In November of 2015, while I was away from Lancaster, John called. He wanted some advice. He was considering getting in his car and driving three hours to Kentucky. He didn’t know anybody in Kentucky, and he wasn’t sure just where he might find a job. He couldn’t afford a motel, at least not for long, but, he told me, he could sleep in his car just fine, for a while anyway. The Oatneys owned a house, a tiny bungalow. It carried a mortgage. Wendy could stay there while he looked for work in Kentucky, he said.
“What then?” I asked John. “Suppose you find a job.”
“I could rent a room,” John answered. Wendy could stay in Lancaster to keep working her job and take care of their bungalow.
John knew he couldn’t sell the house. Not only did it need some serious repairs, but given the housing market in town, he’d be lucky to sell it for $40,000. So he’d reconciled himself to living apart from Wendy.

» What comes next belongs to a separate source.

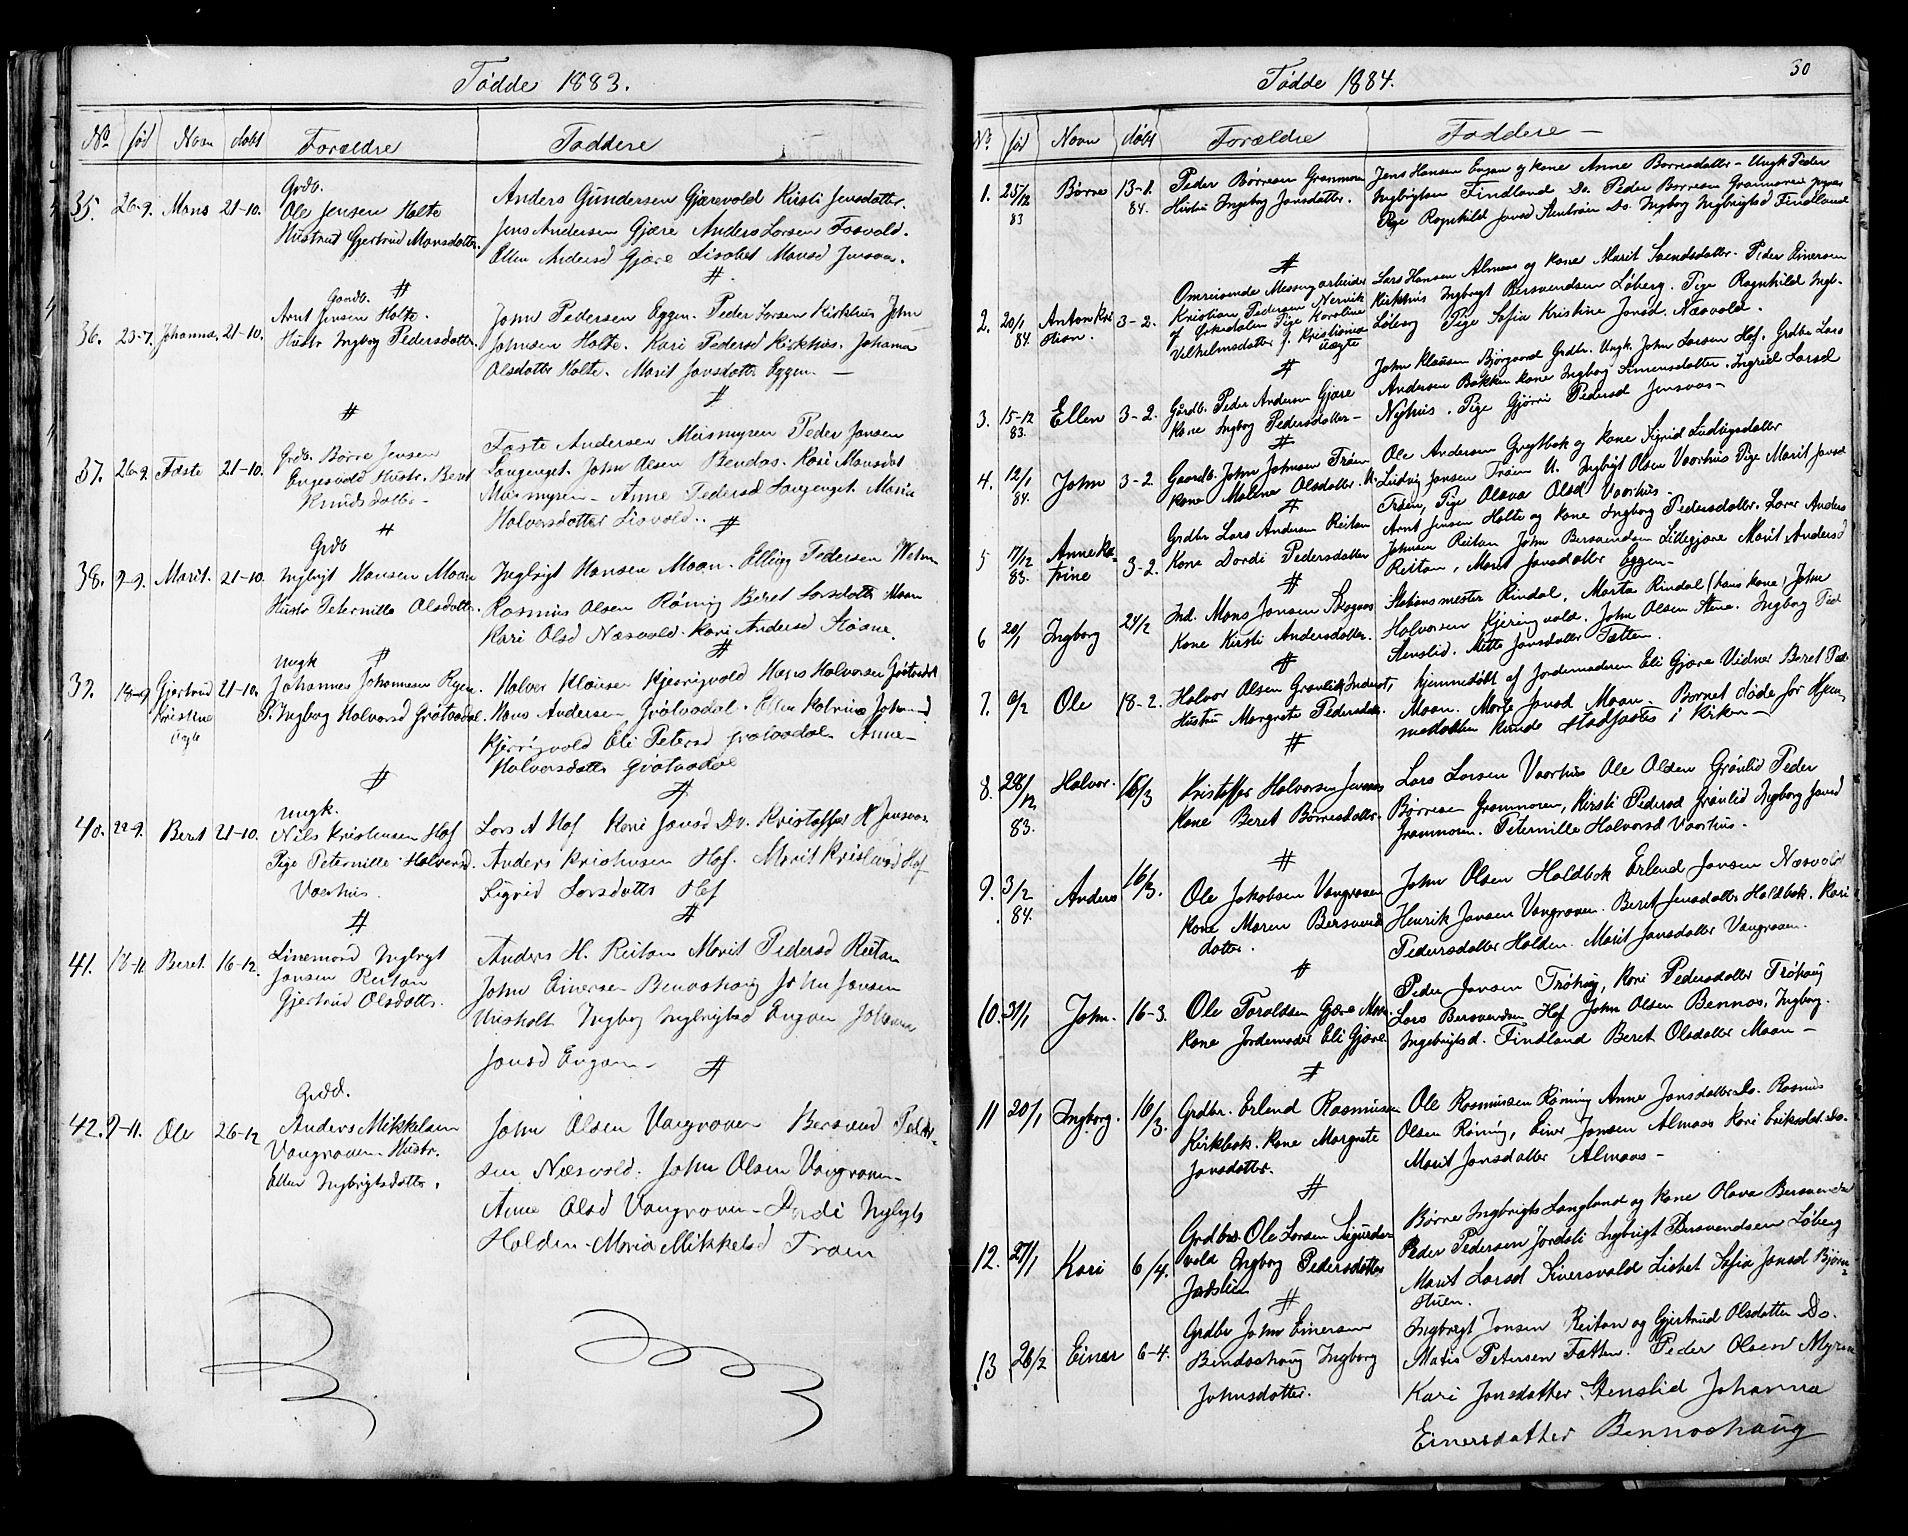 SAT, Ministerialprotokoller, klokkerbøker og fødselsregistre - Sør-Trøndelag, 686/L0985: Klokkerbok nr. 686C01, 1871-1933, s. 30

“Why Kentucky?” I asked John.
As it happened, John’s minister in Lancaster was acquainted with a minister in Kentucky, and John hoped his churchman might intercede with the Kentucky colleague to provide help in John’s job search there. It all seemed far too sketchy. I pictured John, alone, sleeping in his car with winter coming.

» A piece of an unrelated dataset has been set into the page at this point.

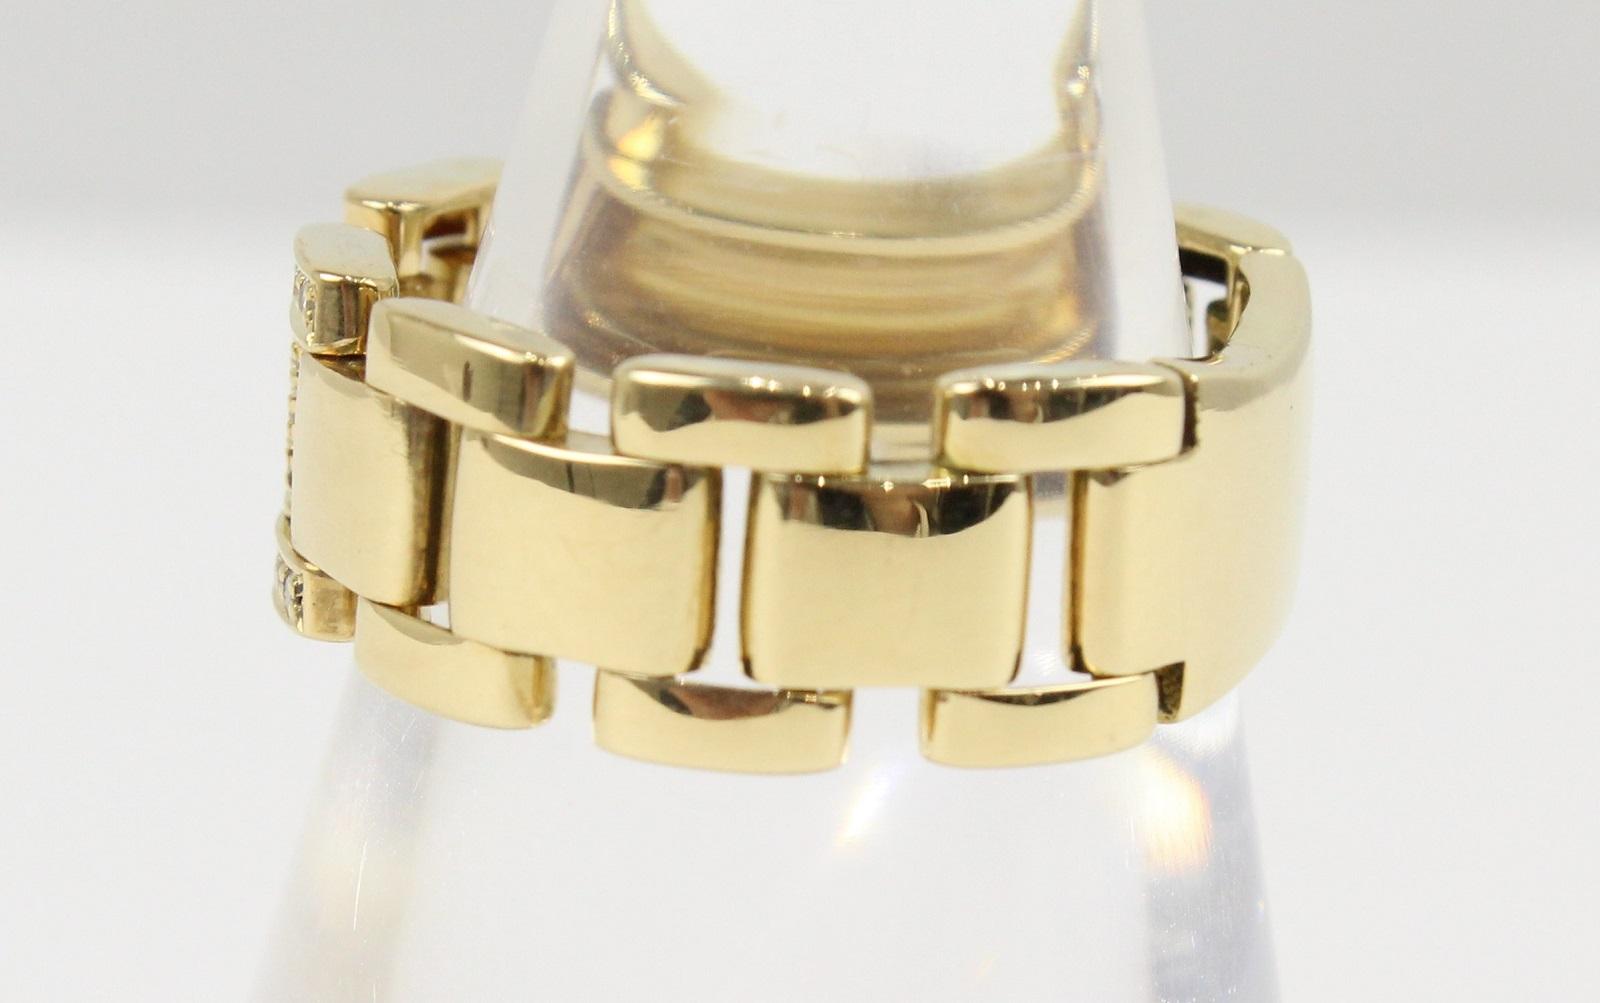 Hデザインリングダイヤモンド0.10ctK185g14号エレガントギフト包装可【】

While Brooks and the others never said moving would be easy, there are questions that they don’t seem to answer: Move to where? To do what? For somebody like John, the work opportunities in Ohio look much the same as they do in Kentucky. John has stocked shelves in an Ohio Home Depot and figured he might be able to land a job stocking shelves in a Kentucky Home Depot. This was not going to represent a vast improvement in John’s circumstances.

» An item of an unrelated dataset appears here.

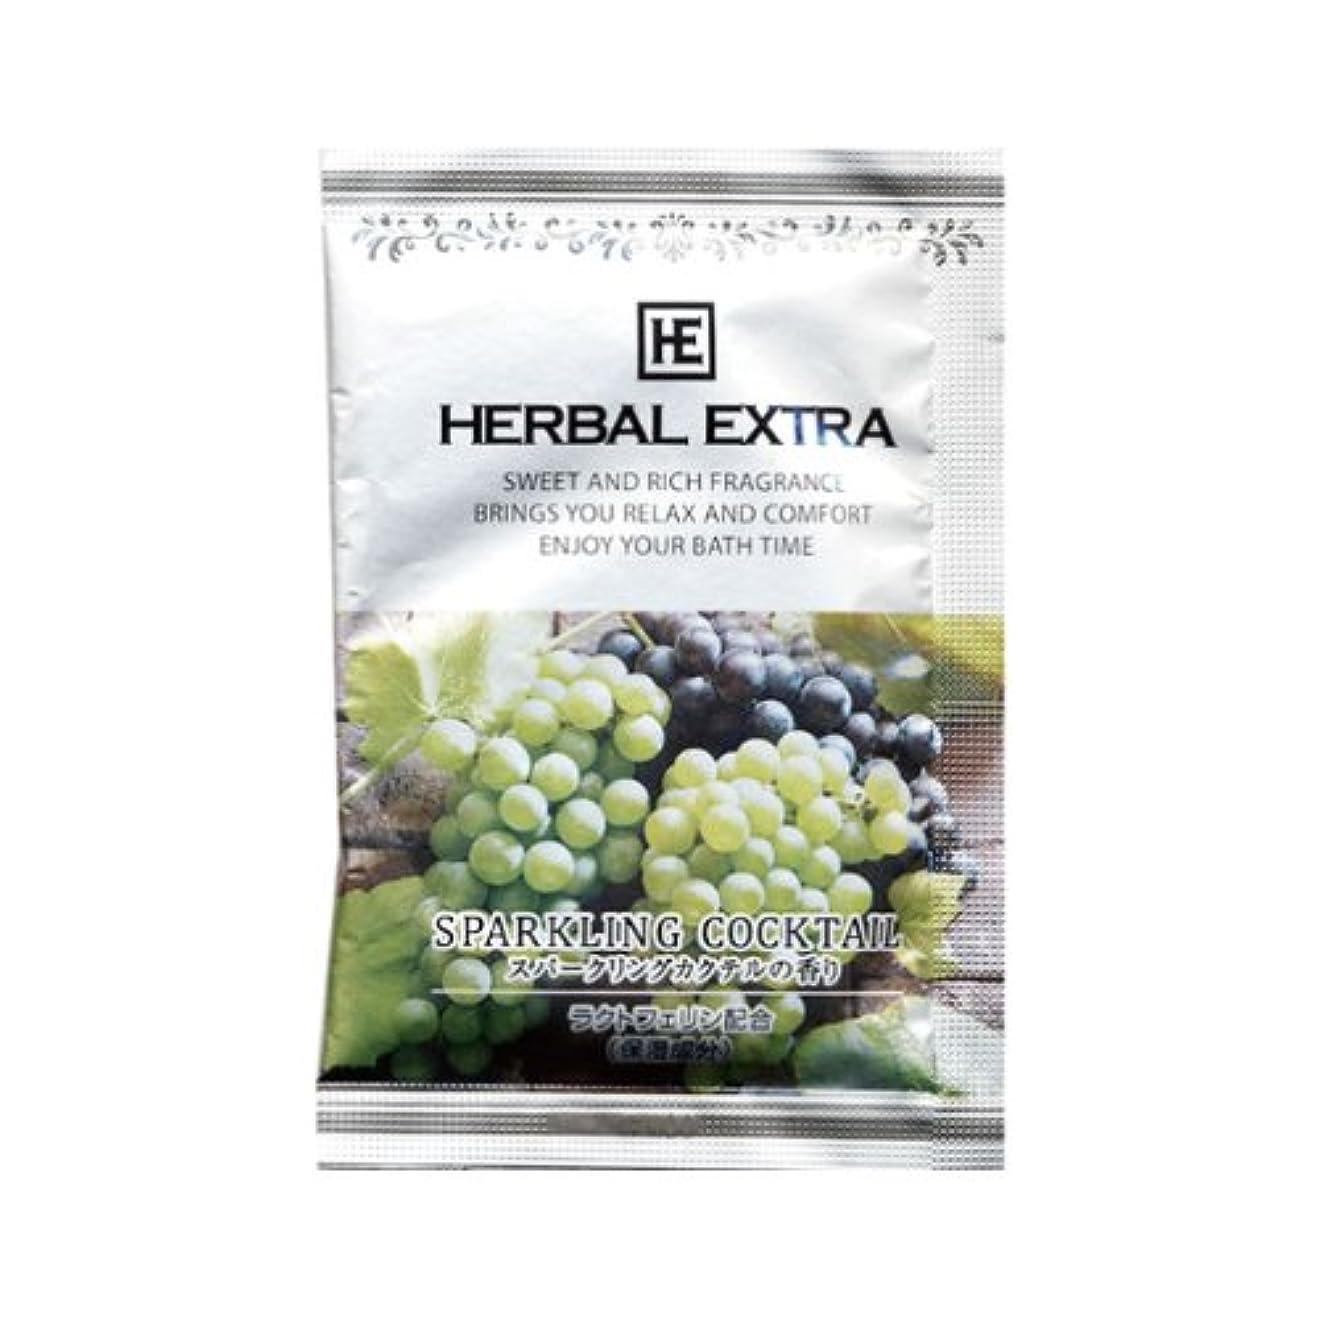 ジャンプインテリア膜ハーバルエクストラ スパークリングカクテルの香り 20g 200包

Indeed, one theory economists have explored is that the American economy has become “flatter.” As Mai Dao, Davide Furceri, and Prakash Loungani wrote in a 2014 International Monetary Fund working paper, “states’ labor market conditions have been increasingly less dispersed/more similar during normal times.” Whether, or how much, this accounts for a decline in migration is debated, but as the economists Greg Kaplan and Sam Schulhofer-Wohl wrote in a 2012 research paper, “labor markets around the country have become more similar in the returns they offer to particular skills, so workers need not move to a particular place to maximize the return on their idiosyncratic abilities.”
“Idiosyncratic abilities” are one reason why the highly-educated, despite moving less often than they once did, still move around the country more often than those with a high-school degree (or sometimes even a bachelor’s). Someone who specializes in an esoteric but critical field—someone who holds, say, a doctorate in biology—can likely move from city to city more or less at will, while earning ever higher pay. Such a worker will always be in demand. But anybody with a healthy back can do the kinds of jobs John had been doing.